What is this blog?
This blog is a way for me to record my time going through 200-hour yoga teacher training in Half Moon Bay, California.
The training takes place one weekend a month for six months, August 2018-January 2019. During that time I’ll be attending the weekend trainings, taking and recording reflections on 45 yoga classes, attending at least one workshop, and doing lots of reading, studying, learning, and practice-teaching.
Who’s writing it?
It’s me, Maria. I’m a woman in my late 30’s, mother-of-three, wife-of-one. I was born and raised in Kansas, went to college and graduate school at University of Kansas, and moved to California in 2011, which is when I went to one of my first yoga classes at the neighborhood YMCA in Palo Alto.
I had some severe physical complications in my back and legs about four years after I started practicing yoga due to a disc herniation in the L4-5 of my spine. At one point, I couldn’t walk. I have healed from the symptoms and the experience has completely changed the way I live in my body and practice yoga.
I’m also a writer: I’ve written a book, kept lots of other blogs, and currently work as a content editor for a marketing agency in San Francisco.
I’m a Leo, a young Gen-Exer, and an ENFP. I have lots of big feelings and like to talk them through with people close to me.

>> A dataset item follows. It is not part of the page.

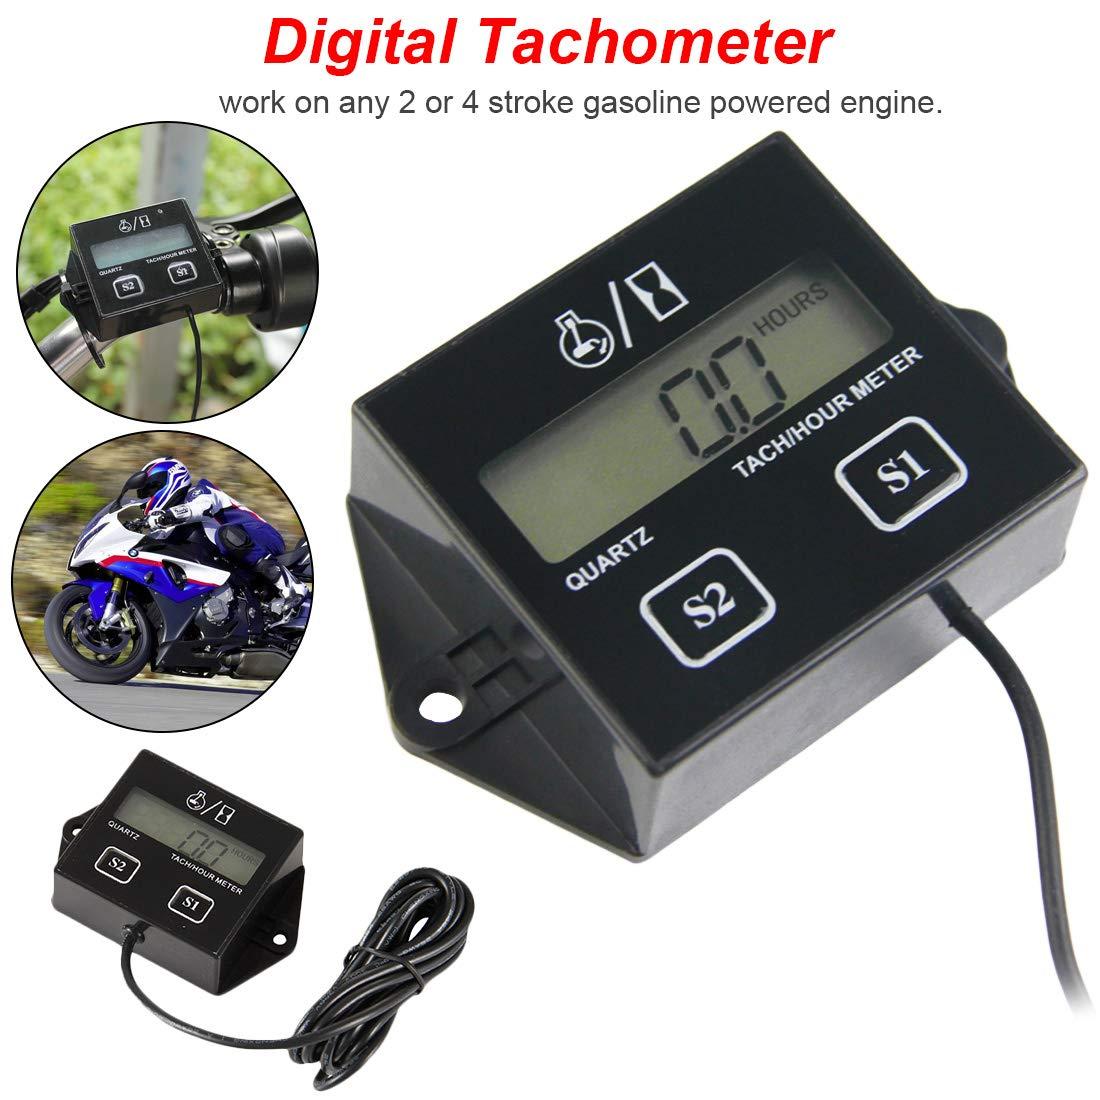 Digital Engine Tach Hour Meter Tachometer Gauge Inductive Display For Motorcycle Motor Marine Boat

I ask lots of questions. I try to keep an open mind. I abhor small talk.
Why “breath, posture, cue” ?
The teacher training is based in vinyasa yoga, which uses the breath to guide the body’s movements. One our first assignments is to practice teaching Surya Namaskar A, or Sun Salutation A, with these instructions:
- Breath (“Inhale” or “Exhale”)
- Posture (“Tadasana” or “Mountain Pose”)
- Cue (“Stand with palms open by your side.”)
I am learning so much about breath, action, and cues, on a literal level and also a symbolic one: everything breath can do and stand for; the cause-and-affect of our actions; the preparation it takes to move through life, depending on what we’ve learned and experienced and where we are willing to go.
Breath, posture, cue, my friends. Breath, posture, cue.
Namaste.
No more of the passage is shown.